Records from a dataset
++++++++
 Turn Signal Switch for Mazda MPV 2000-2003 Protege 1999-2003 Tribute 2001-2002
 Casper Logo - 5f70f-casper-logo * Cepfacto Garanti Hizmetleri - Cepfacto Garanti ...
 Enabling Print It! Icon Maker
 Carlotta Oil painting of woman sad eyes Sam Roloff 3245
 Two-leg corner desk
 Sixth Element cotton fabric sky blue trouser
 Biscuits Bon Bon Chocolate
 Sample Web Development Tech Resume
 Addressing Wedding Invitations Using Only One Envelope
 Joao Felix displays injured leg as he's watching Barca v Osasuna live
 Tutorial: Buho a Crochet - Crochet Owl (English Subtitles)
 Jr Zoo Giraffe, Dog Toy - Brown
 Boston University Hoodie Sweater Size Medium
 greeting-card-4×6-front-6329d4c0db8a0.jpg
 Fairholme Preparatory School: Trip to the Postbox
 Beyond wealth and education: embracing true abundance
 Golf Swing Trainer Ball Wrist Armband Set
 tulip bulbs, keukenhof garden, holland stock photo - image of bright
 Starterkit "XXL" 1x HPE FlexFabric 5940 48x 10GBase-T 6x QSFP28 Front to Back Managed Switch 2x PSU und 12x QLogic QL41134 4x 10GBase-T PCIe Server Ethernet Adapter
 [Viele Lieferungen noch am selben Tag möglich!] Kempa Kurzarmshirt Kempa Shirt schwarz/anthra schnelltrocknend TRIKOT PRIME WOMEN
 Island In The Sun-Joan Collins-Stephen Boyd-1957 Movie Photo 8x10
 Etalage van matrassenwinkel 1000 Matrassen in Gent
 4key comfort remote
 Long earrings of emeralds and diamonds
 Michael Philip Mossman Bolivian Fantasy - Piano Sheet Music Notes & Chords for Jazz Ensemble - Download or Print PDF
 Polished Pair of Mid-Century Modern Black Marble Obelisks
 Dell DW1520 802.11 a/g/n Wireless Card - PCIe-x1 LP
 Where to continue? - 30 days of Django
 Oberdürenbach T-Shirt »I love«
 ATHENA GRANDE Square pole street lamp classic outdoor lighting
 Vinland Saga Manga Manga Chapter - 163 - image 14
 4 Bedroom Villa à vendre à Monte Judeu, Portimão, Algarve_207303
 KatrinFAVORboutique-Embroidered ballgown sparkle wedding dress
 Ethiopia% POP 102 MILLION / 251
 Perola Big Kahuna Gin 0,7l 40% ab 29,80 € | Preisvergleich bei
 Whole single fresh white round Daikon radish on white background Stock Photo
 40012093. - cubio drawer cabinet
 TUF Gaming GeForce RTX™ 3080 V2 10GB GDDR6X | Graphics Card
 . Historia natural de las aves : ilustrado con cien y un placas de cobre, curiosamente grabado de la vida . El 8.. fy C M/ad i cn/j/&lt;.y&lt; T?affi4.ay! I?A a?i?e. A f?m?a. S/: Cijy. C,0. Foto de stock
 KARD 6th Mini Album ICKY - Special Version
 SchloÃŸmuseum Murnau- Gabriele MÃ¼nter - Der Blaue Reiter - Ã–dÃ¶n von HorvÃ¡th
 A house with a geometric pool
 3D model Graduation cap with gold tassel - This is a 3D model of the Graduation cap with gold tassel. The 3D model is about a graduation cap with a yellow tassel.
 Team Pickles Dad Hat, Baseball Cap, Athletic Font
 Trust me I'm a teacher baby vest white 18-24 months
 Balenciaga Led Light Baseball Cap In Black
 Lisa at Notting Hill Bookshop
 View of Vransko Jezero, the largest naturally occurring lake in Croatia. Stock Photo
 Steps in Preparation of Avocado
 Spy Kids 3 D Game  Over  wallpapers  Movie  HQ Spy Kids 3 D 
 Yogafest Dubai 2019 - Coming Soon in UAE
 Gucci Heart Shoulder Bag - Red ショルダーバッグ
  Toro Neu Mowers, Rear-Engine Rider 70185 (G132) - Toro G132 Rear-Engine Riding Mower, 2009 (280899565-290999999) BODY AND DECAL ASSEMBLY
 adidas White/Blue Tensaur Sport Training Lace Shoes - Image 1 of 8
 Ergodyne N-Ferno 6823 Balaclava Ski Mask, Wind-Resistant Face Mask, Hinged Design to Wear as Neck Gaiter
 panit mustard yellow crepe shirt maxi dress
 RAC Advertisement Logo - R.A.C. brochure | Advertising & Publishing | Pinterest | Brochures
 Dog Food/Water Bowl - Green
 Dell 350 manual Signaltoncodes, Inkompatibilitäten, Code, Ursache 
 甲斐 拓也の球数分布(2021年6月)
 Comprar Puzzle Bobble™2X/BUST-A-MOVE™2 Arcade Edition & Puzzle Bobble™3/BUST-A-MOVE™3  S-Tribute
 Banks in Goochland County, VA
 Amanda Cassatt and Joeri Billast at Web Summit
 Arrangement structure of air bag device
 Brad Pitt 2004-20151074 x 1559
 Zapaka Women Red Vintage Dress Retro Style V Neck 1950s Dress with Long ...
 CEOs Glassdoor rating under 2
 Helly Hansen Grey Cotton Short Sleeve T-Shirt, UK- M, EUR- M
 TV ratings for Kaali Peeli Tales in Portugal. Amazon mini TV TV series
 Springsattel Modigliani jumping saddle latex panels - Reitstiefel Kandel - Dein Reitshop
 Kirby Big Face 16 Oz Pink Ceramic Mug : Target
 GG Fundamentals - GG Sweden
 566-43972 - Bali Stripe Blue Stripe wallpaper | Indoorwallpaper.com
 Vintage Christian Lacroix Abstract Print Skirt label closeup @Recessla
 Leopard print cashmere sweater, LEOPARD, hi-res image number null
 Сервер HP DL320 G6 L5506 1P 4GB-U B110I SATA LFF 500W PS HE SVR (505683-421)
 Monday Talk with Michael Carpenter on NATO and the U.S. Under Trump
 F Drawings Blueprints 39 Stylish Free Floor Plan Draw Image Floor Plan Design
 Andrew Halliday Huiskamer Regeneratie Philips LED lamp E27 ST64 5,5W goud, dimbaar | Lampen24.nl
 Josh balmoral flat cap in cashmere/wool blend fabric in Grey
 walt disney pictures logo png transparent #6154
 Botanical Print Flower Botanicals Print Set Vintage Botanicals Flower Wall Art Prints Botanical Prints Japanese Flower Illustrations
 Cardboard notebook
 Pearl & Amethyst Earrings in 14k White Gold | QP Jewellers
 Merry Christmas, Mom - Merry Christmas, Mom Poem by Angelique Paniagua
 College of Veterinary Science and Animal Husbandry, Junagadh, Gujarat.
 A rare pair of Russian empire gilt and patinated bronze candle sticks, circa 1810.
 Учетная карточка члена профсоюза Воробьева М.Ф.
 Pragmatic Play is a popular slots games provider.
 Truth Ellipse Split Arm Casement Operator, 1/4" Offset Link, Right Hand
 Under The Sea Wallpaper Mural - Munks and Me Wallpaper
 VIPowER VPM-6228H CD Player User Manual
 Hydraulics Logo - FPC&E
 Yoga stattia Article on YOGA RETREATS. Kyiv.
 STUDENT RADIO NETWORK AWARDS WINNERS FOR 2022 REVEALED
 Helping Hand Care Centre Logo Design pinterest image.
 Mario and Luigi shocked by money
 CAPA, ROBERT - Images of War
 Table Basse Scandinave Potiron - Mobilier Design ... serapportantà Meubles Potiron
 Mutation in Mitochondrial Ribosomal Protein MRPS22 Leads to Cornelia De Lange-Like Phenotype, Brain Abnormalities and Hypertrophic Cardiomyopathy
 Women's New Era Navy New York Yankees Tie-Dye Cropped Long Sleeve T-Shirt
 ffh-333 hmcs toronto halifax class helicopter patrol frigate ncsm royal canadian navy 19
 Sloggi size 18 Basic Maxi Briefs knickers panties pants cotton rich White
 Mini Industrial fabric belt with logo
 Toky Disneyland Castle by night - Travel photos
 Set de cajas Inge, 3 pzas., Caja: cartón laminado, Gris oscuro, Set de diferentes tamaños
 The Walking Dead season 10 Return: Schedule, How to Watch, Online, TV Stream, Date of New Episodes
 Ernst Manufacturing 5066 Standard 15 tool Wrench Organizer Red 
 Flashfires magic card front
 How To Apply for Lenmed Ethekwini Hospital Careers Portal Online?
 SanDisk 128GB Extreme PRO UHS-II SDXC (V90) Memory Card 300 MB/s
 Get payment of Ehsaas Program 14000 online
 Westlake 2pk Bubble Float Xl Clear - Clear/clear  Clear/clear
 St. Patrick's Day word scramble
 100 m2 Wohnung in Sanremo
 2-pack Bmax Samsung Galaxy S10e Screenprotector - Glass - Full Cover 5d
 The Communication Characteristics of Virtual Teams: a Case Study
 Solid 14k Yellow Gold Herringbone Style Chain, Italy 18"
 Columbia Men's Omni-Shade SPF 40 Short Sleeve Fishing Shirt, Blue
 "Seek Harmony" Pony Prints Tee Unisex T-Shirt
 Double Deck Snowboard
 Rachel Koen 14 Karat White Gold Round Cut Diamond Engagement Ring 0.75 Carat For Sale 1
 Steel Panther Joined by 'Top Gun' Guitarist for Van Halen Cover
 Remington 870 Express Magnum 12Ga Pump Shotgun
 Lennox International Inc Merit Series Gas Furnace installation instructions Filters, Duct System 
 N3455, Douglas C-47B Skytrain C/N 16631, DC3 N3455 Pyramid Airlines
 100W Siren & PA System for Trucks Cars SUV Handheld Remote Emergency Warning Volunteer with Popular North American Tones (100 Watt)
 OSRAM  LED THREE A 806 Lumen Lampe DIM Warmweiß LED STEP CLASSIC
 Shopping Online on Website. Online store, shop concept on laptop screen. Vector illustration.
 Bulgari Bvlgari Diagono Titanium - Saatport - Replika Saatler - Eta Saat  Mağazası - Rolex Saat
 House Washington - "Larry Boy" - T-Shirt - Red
++++++++
TASK ITEM => With the line holding "CAPA, ROBERT - Images of War" as the first and the line holding "Women's New Era" as the last, set down that range of the entries above exactly, and nothing else.

OUTPUT BELOW =>
 CAPA, ROBERT - Images of War
 Table Basse Scandinave Potiron - Mobilier Design ... serapportantà Meubles Potiron
 Mutation in Mitochondrial Ribosomal Protein MRPS22 Leads to Cornelia De Lange-Like Phenotype, Brain Abnormalities and Hypertrophic Cardiomyopathy
 Women's New Era Navy New York Yankees Tie-Dye Cropped Long Sleeve T-Shirt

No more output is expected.